As announced on 27 June 2024, the Company has an option to acquire M3 Helium Corp., a producer of helium which is based in Kansas and holds an interest in six wells. There is no certainty that the Company’s option to acquire M3 Helium will be exercised, nor that the enlarged group will successfully complete its re-admission to trading on the AQSE Growth Market.
Highlights:
- Farm in covers 161,280 acres (252 square miles) of the Hugoton gas field
- Minimum target of 25 new wells but estimated by M3 Helium’s management to be a potential 100 – 200 well opportunity
- All production delivered to Scout Energy’s gathering system and the Jayhawk processing facility
- Fixed helium price with an annual price escalator based on the consumer price index from 1 January 2026 through to the end of 2029
- Discounted royalties and operating expenses agreed with Scout Energy
- Gathering and processing tariffs waived by Scout Energy in return for methane from the new wells
- Exclusive agreement with Scout Energy includes a right of first refusal over any other farm outs in Scout Energy’s Kansas acreage
- US$1 million due from M3 Helium when drilling commences or by 31 March 2025 (whichever is the earlier). In the event that M3 does not proceed with the agreement no fee will become payable.
Overview of the Farm In Agreement
With a term ending on 31 March 2027, the farm in agreement covers seven townships in the Hugoton gas field, with each township being 36 square miles (23,040 acres). The townships are in south-west Kansas, within Scout Energy’s gathering system and proximate to the Jayhawk gas processing plant which is estimated to process around 4% of the world’s helium, processing approximately 700,000 cubic feet per day of crude helium. Scout Energy is the second biggest producer of helium in the United States.
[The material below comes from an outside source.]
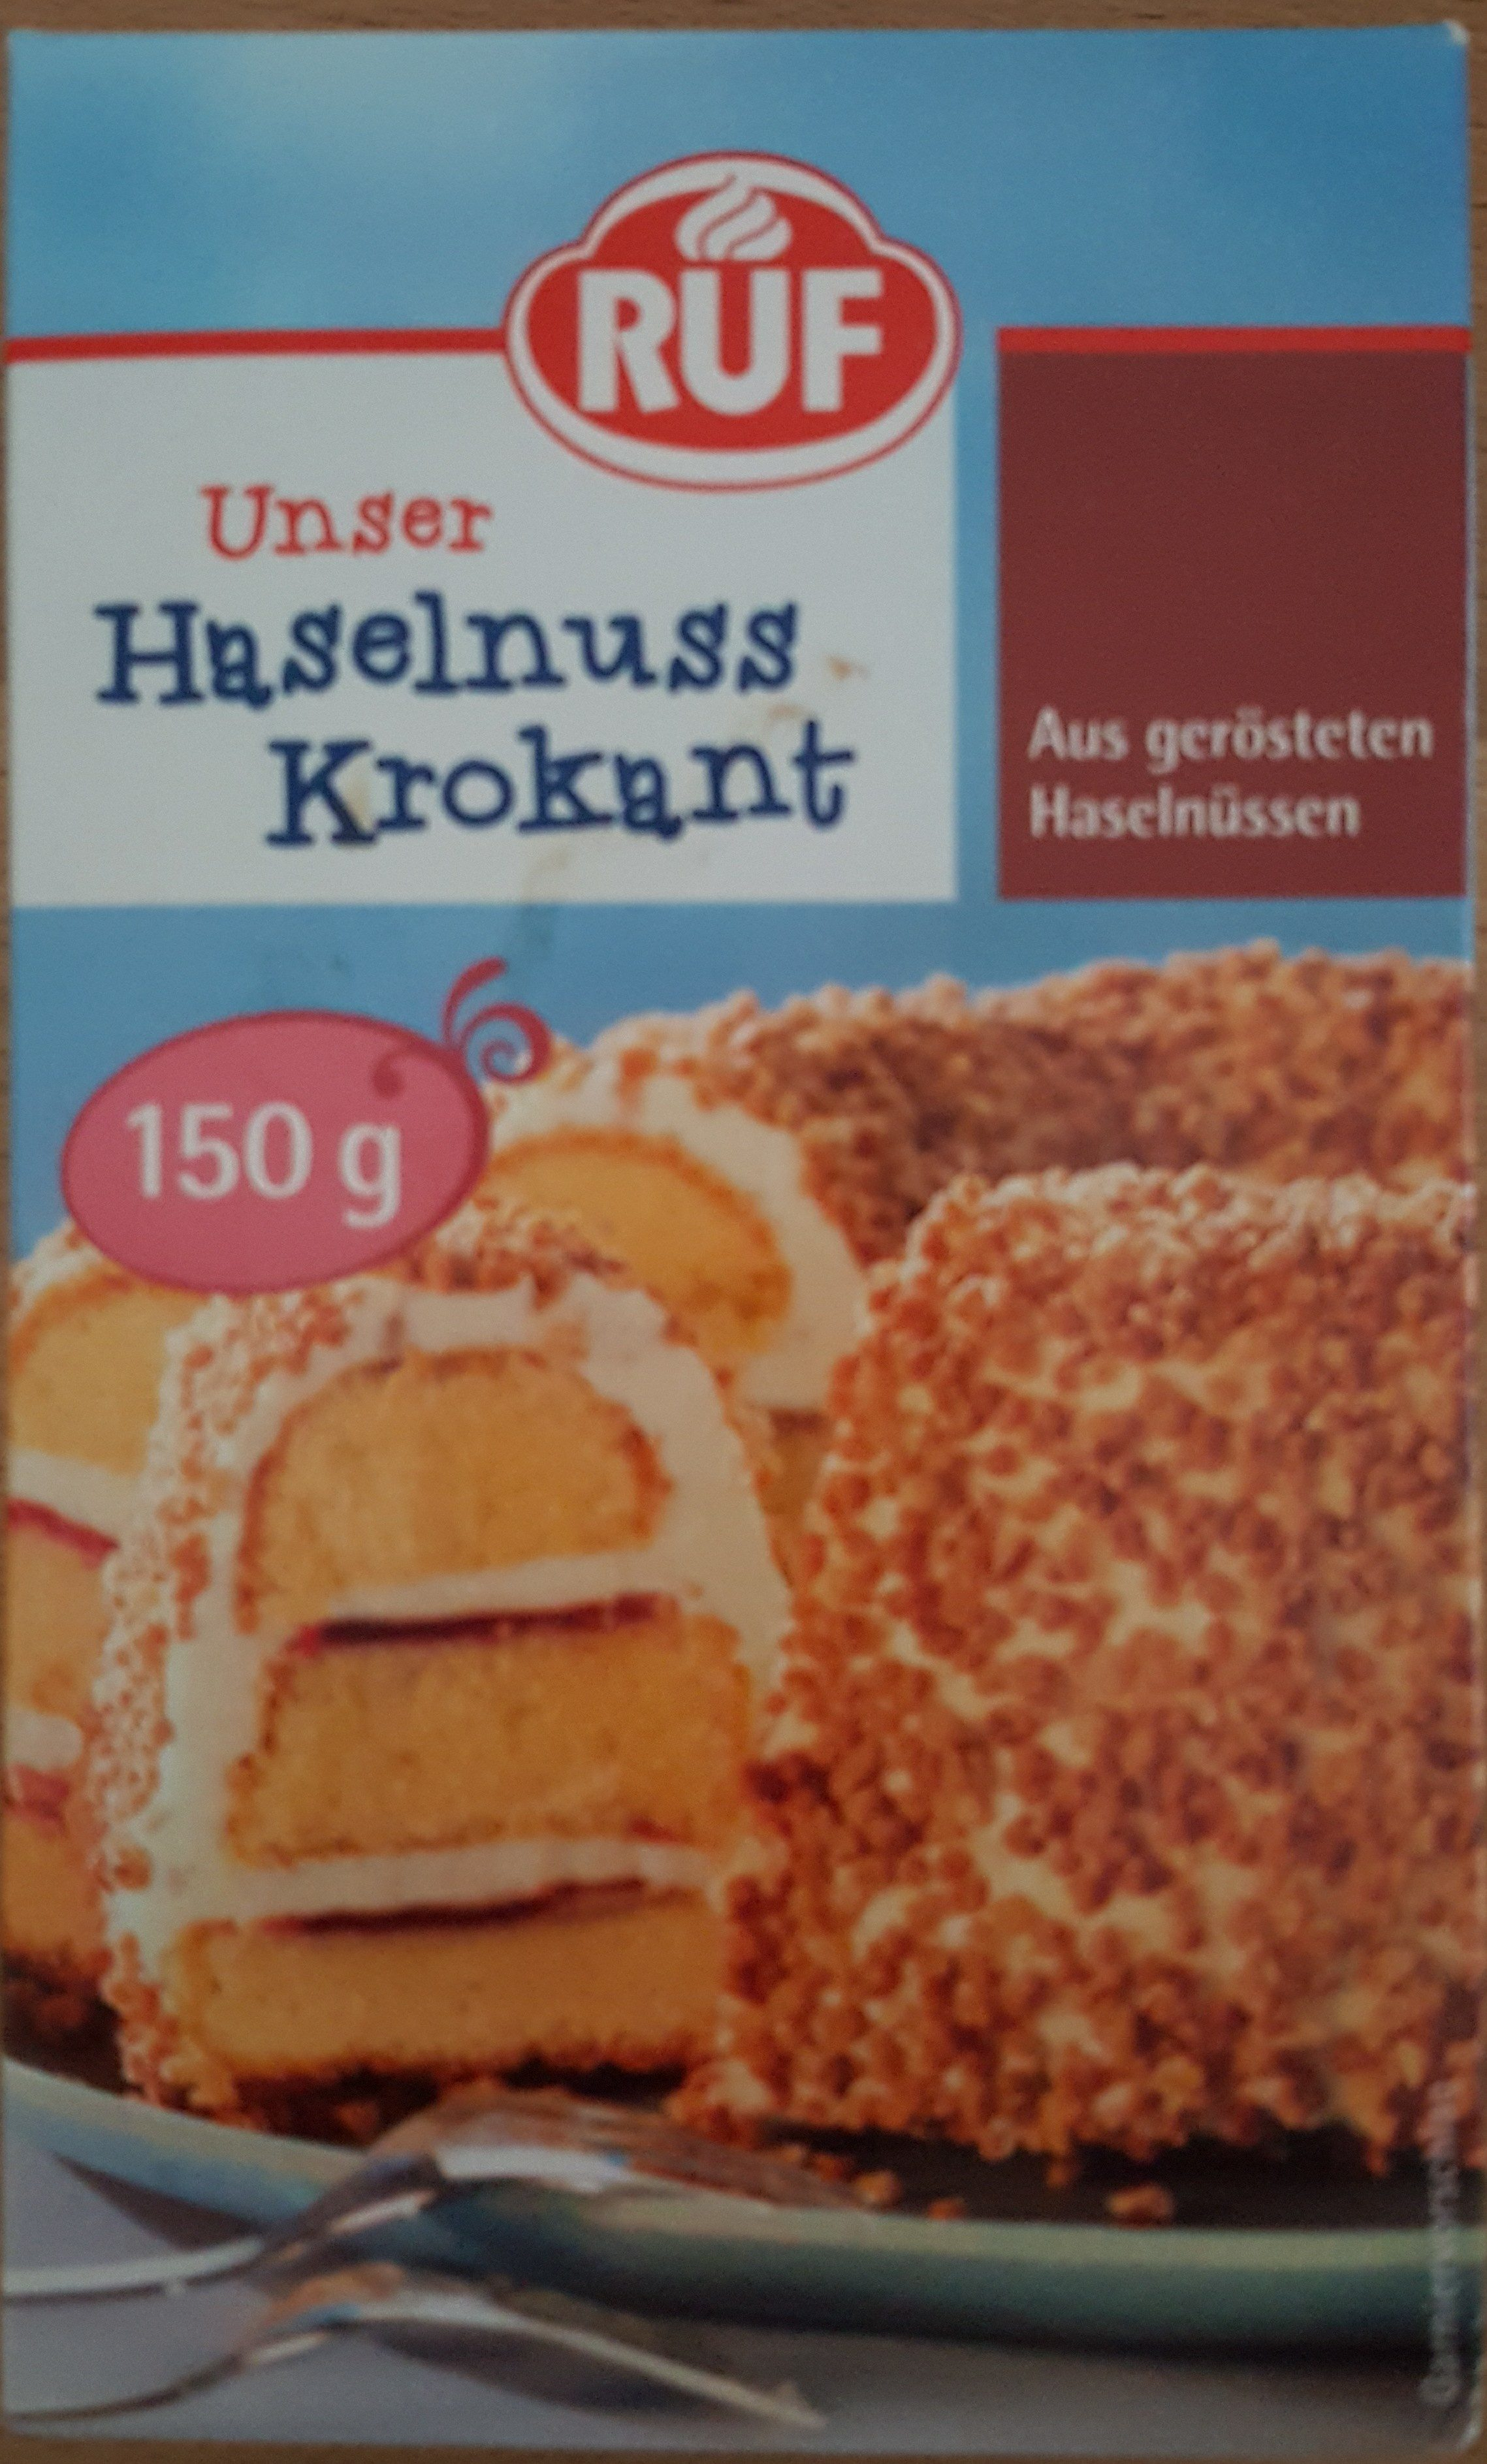 Unser Haselnuss-Krokant - Product - de

Under the terms of the agreement, M3 Helium is entitled to nominate drilling locations of its choice subject only to maintaining a distance of 1,500 feet from any existing well operated by Scout Energy. The M3 Helium management team estimate potential for not less than 100 wells within the allocated area and up to 200 wells. The agreement has a minimum commitment of 25 wells by 31 March 2026. The wells are permitted to access the Chase and Council Grove gas formations, being around 3,000 feet deep. M3 Helium management estimate that a conventional oil & gas lease over land of the type included in the farm in agreement would be in the region of US$50 per acre. This implies an indicative farm acreage value of over US$8 million.
M3 Helium has no obligation to make any payment to Scout Energy until the first well is commenced (which must be by 31 March 2025). At that time, a one-off fee of US$1 million is due. Should M3 Helium decide not to proceed with the farm in agreement, then it has no financial liability to Scout. If the fee is not received by Scout Energy on or before 31 March 2025, the agreement will be terminated with no further action required by M3 Helium or Scout Energy.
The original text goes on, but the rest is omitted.